La dulzura era una debilidad. Y él nunca se permitía ser débil.
La debilidad era para los que se rinden. Rafael Montalvo no cedía ante nadie.
***
Adeline entró en la habitación, sintiendo que la tensión aumentaba a cada paso. Cerró la puerta tras de sí y mantuvo un momento la mano sobre su superficie lisa, como si tratara de encontrar algún punto de apoyo. Pero ni siquiera la frialdad de la madera pudo aplacar el caos que se desataba en su interior.
Su mirada se dirigió instintivamente hacia la cama. La sábana había desaparecido.
Aquel hecho la atravesó como una daga afilada, dejando tras de sí un rastro de dolor y humillación. Se quedó inmóvil, con la respiración entrecortada y los pensamientos confusos. La sábana había desaparecido. Él la había sacado.

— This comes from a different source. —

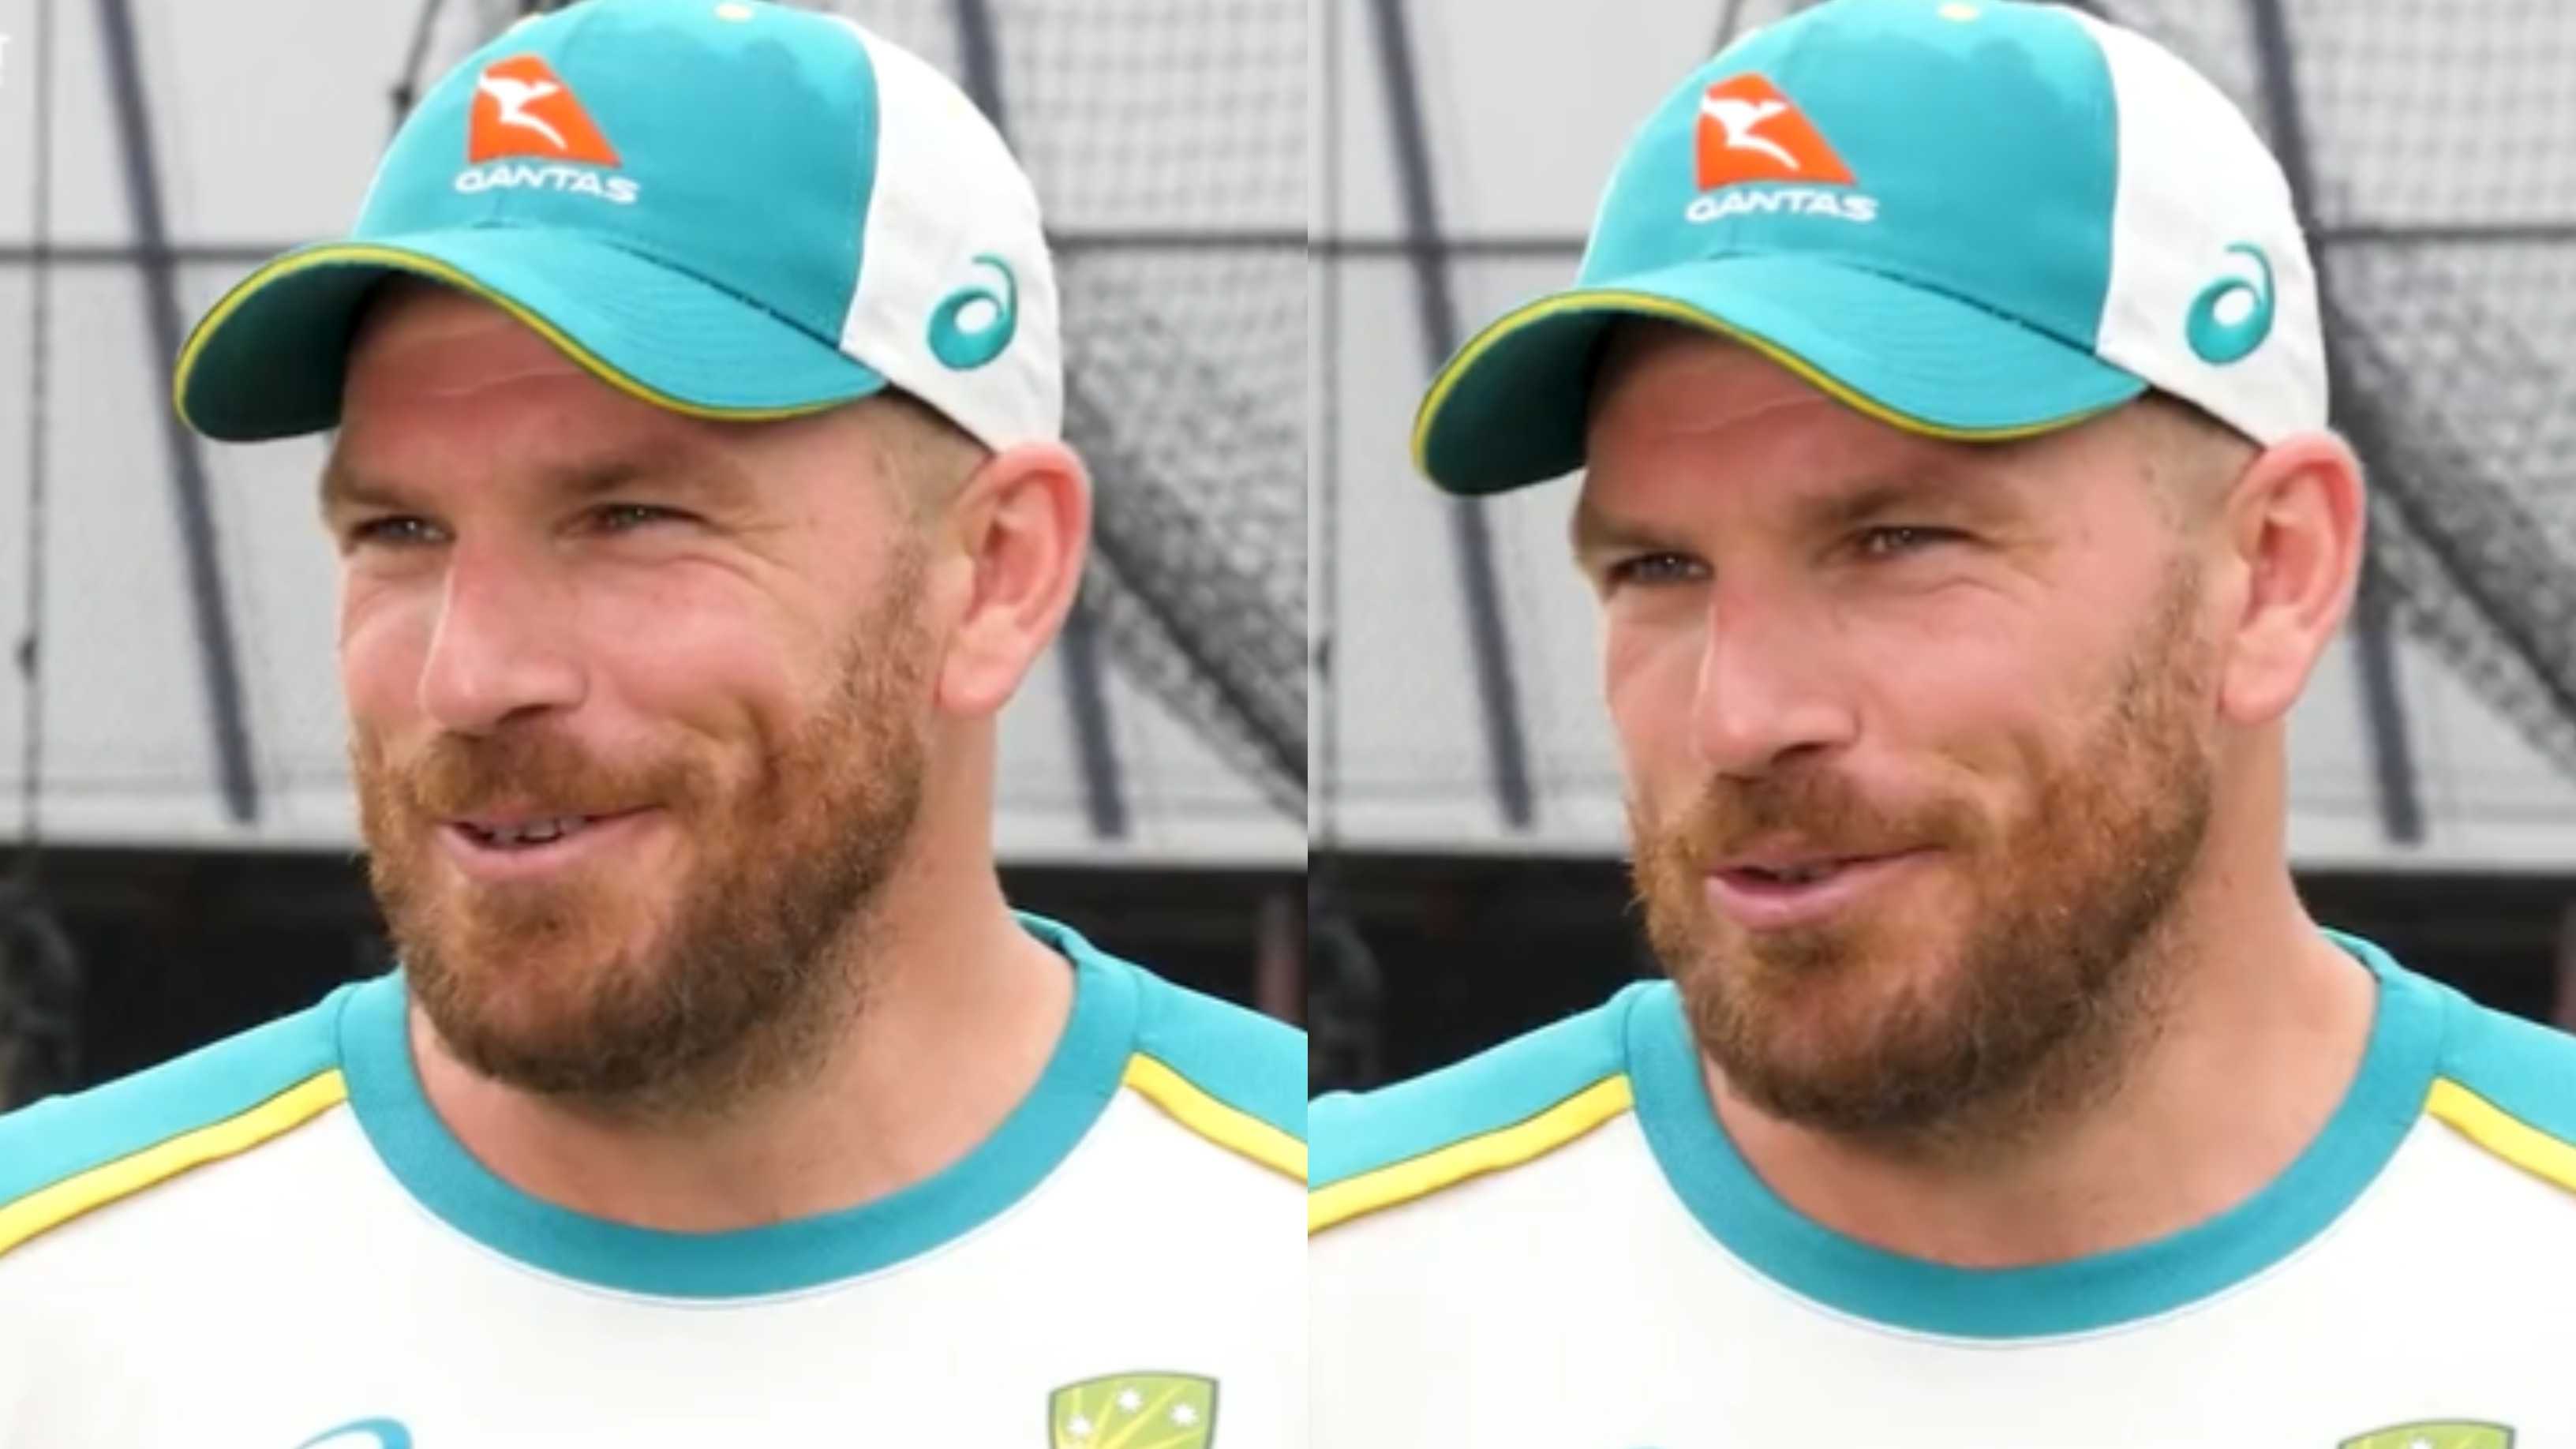 IPL 2022: WATCH – ‘There’s one team I’m missing a shirt from’, says Finch as he gears up to play for his 9th IPL team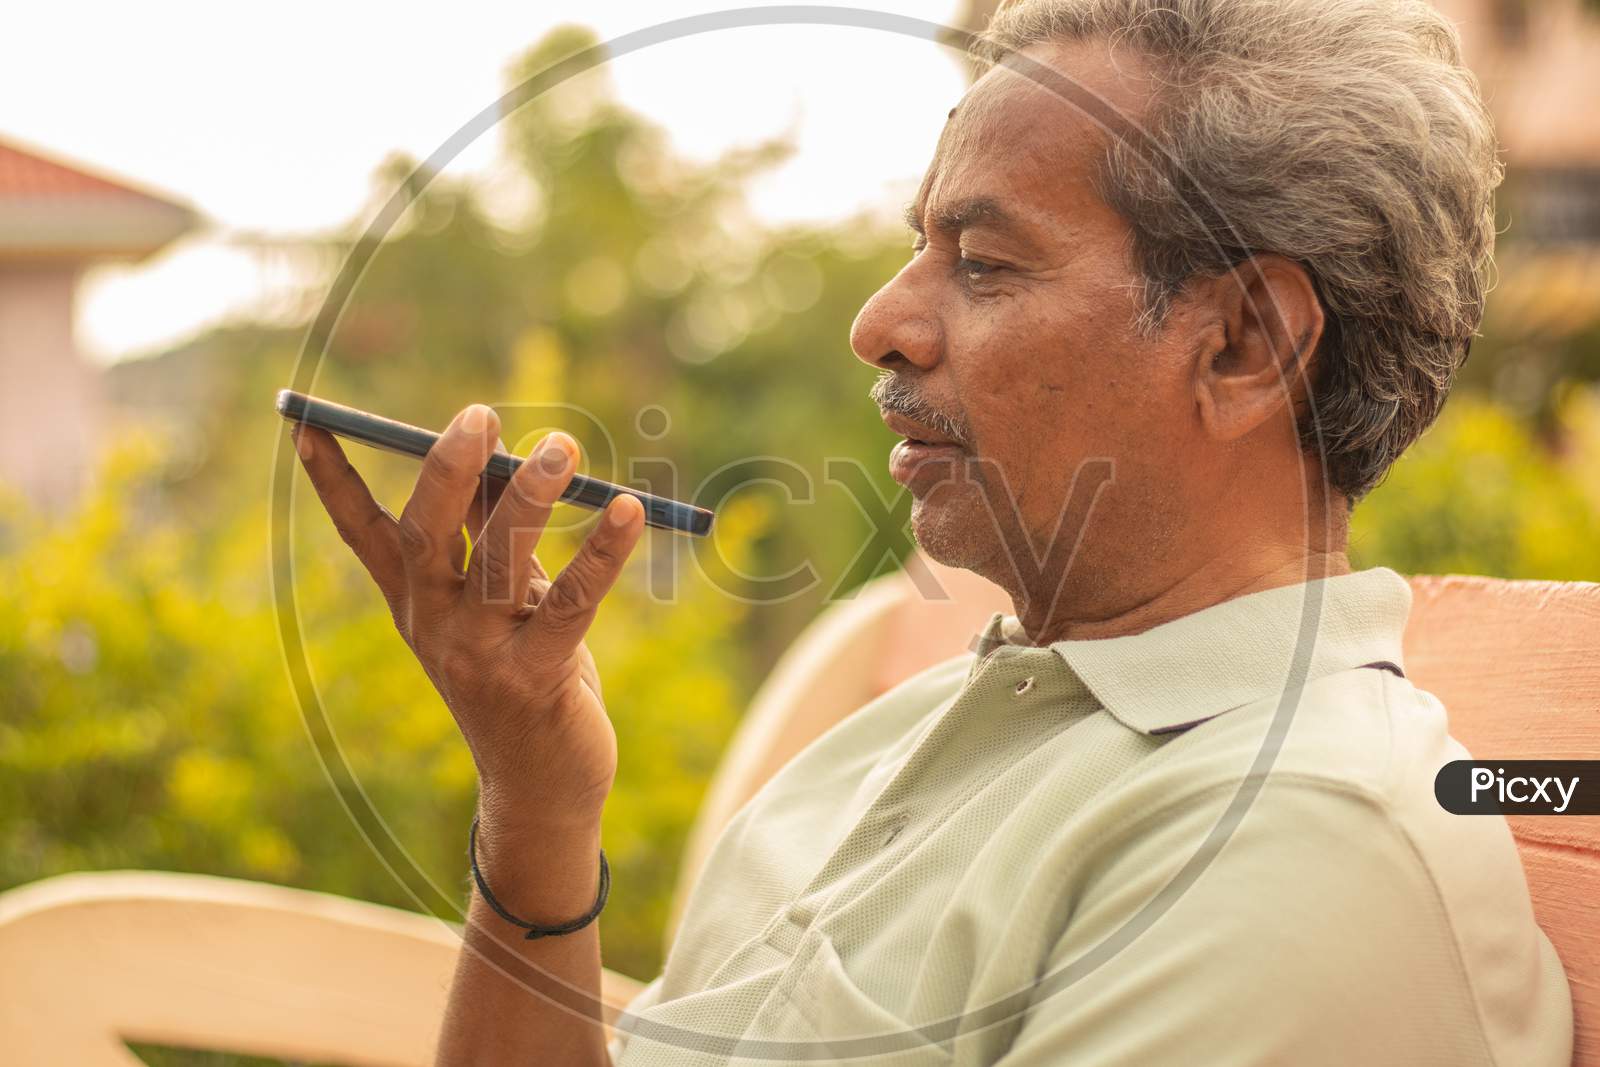 Senior Man Using Virtual Assistant In Phone - Indian Elder Man Using Voice Command On Mobile - Old Man Talking On Smartphone At Outdoor.

Podía imaginarse a Rafael, con su mirada gélida y su fría certeza, cogiéndola en brazos y llevándola escaleras abajo para demostrar a todo el mundo que había conseguido lo que quería. Apretó los dientes, sintiendo cómo una oleada de ira crecía en su interior.
Pero junto con la ira había algo más. Algo pegajoso, arrastrante, que le hizo apretar el estómago. Su humillación era absoluta, tan profunda que no encontraba palabras para expresarla.
Se acercó a la cama y bajó lentamente hasta el borde. Sus dedos se cerraron en puños y sus uñas se clavaron en sus palmas con tanta fuerza que dejaron dolorosas marcas.
«La cosa», se apresuró a decir.
No se sentía humana. Se sentía como algo utilizado para consolidar el poder. Como una cosa hermosa pero inútil exhibida para recordarle el poder de alguien.
- Bastardo», exhaló, con la mirada fija en un punto y la voz temblorosa de rabia.
Pero la ira, tan brillante y fuerte, de repente empezó a disolverse, dejando tras de sí sólo el vacío. Aquel enfado parecía carecer de sentido, como si sus emociones no tuvieran poder para cambiar nada. Podía estar enfadada con él, consigo misma, con esta maldita casa, pero nada de eso significaba nada. Formaba parte de un juego que ni siquiera comprendía del todo.